▶ **HOW TO COMPLETE THIS TASK**
Take the listing below and write it out again exactly, skipping any picture that it holds.

▶ **DATA EXTRACT**
# # # # # # #

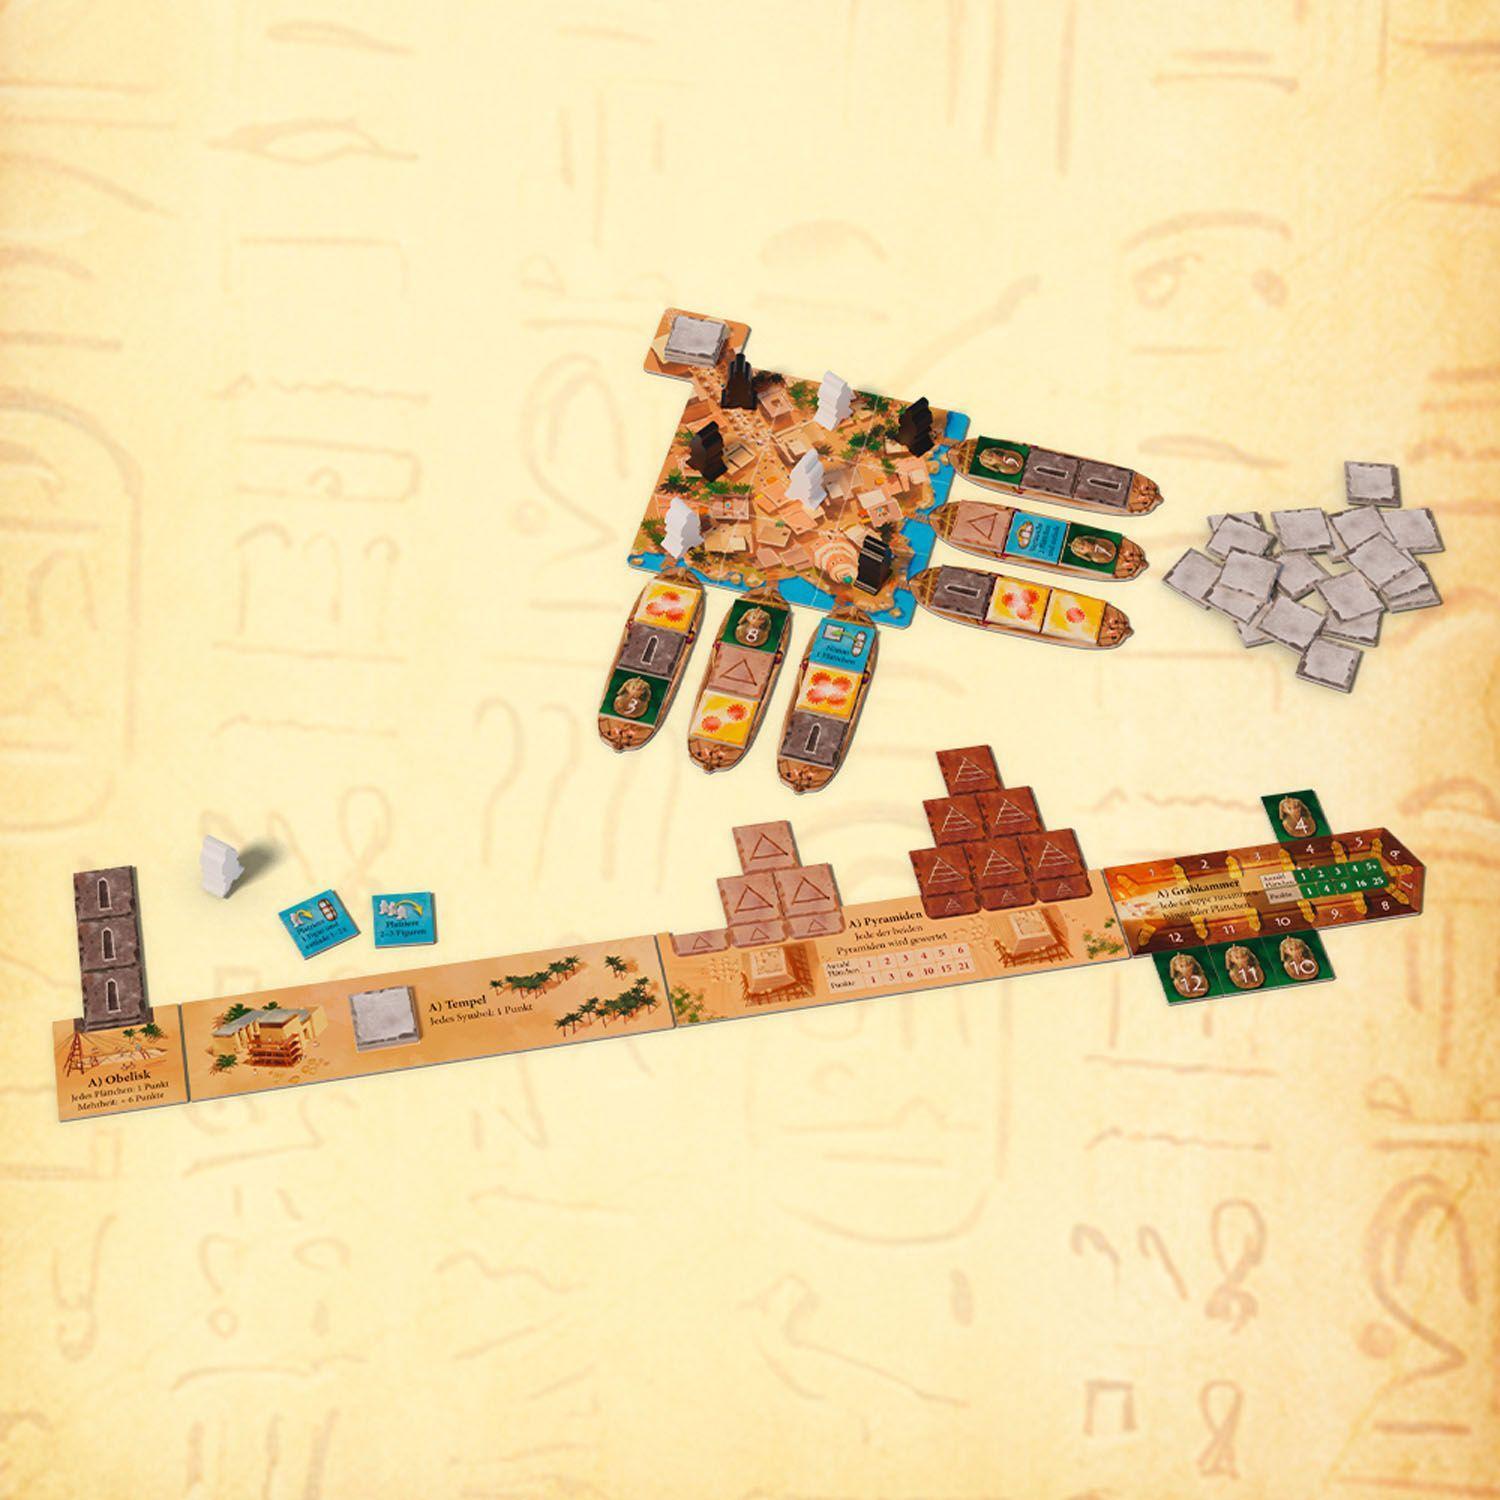 Bild: 4002051694272 | Imhotep - Das Duell | Familienspiel für 2 Spieler ab 10 Jahren | Spiel
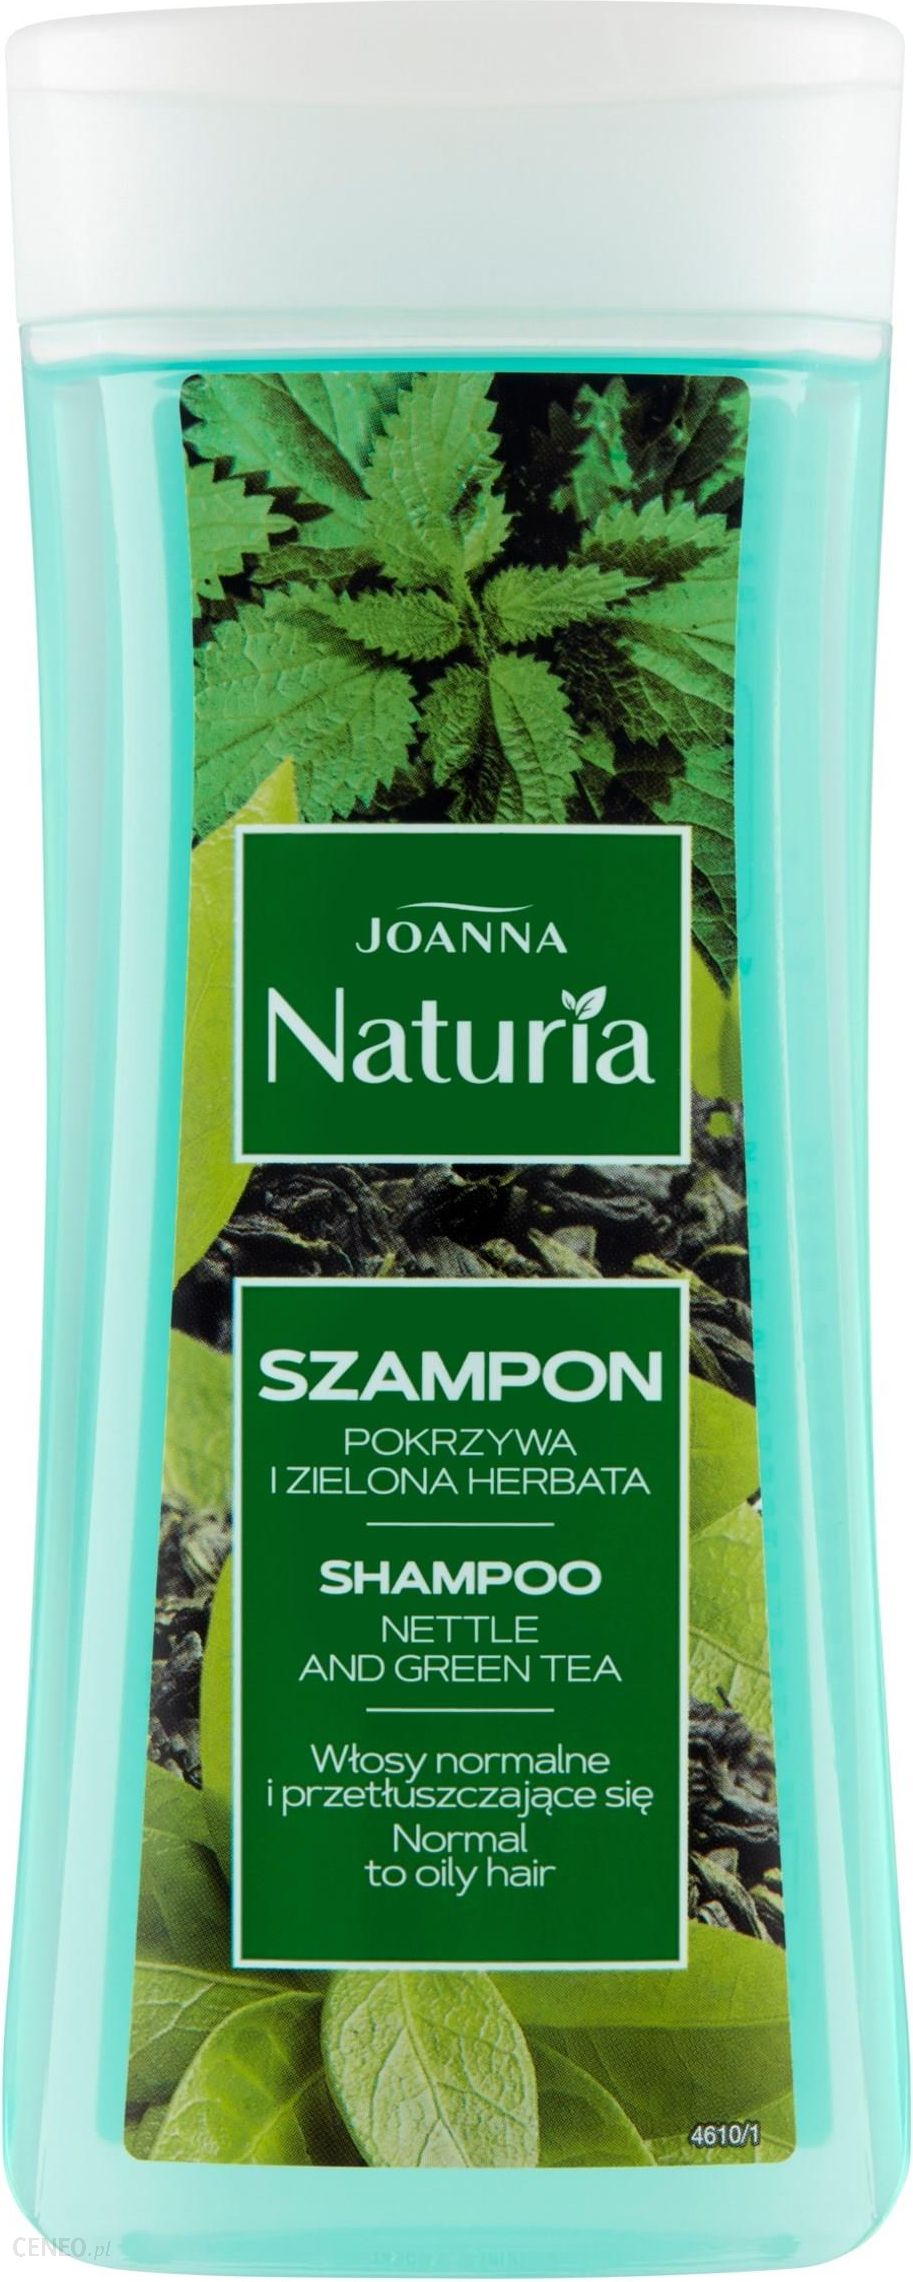 1 naturia pokrzywa i zielona herbata szampon skład
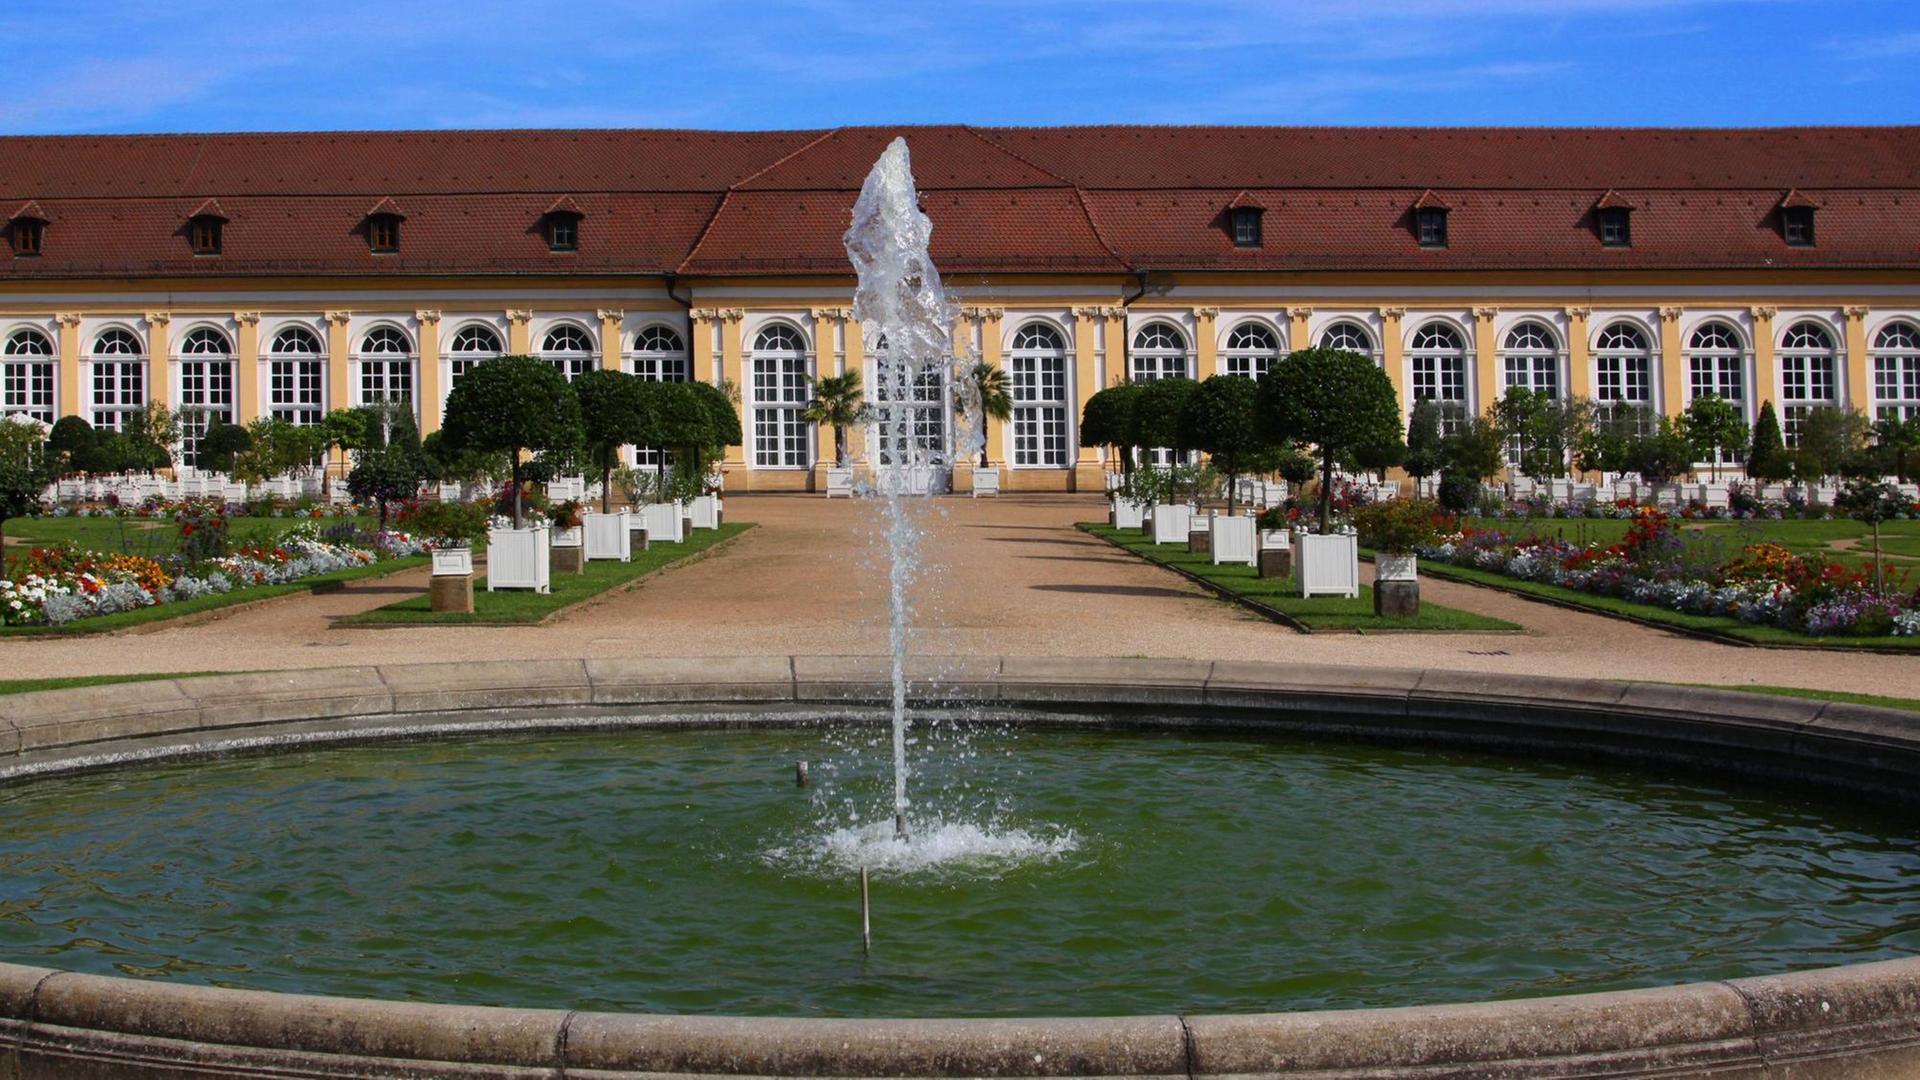 Blick auf die barocke Front der Orangerie des Schlosses Ansbach mit einer Wasserfontäne im Vordergrund
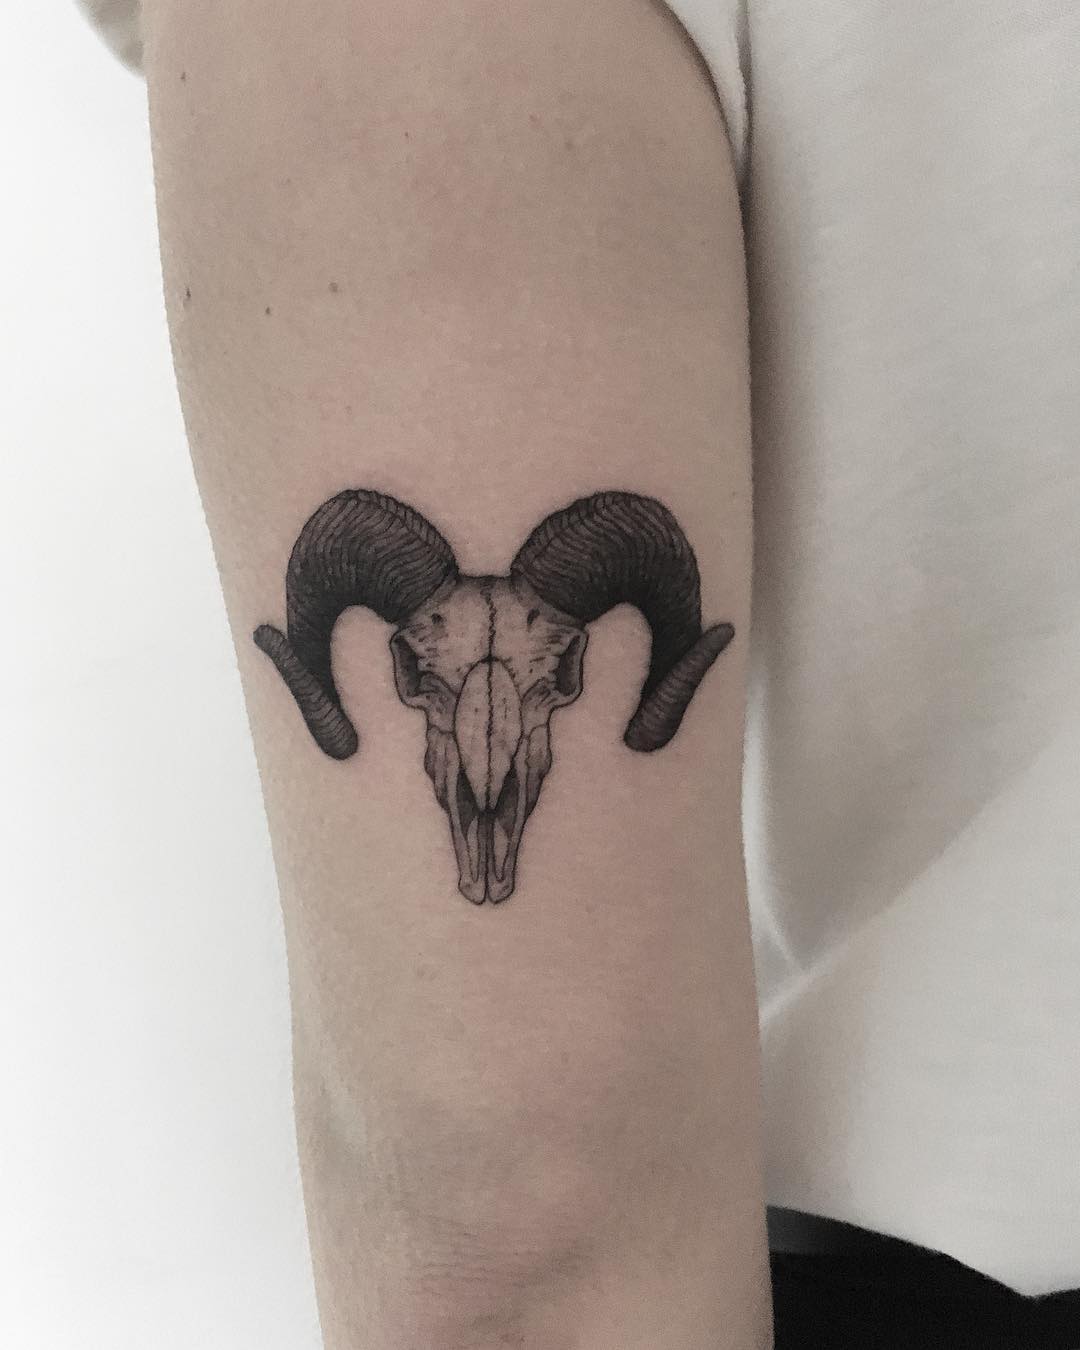 Goat skull by tattooist Spence @zz tattoo - Tattoogrid.net.

# # # # # # #

▶ **TASK SOLUTION**
 Bild: 4002051694272 | Imhotep - Das Duell | Familienspiel für 2 Spieler ab 10 Jahren | Spiel
 1 naturia pokrzywa i zielona herbata szampon skład
 Blick auf die barocke Front der Orangerie des Schlosses Ansbach mit einer Wasserfontäne im Vordergrund
 Goat skull by tattooist Spence @zz tattoo - Tattoogrid.net.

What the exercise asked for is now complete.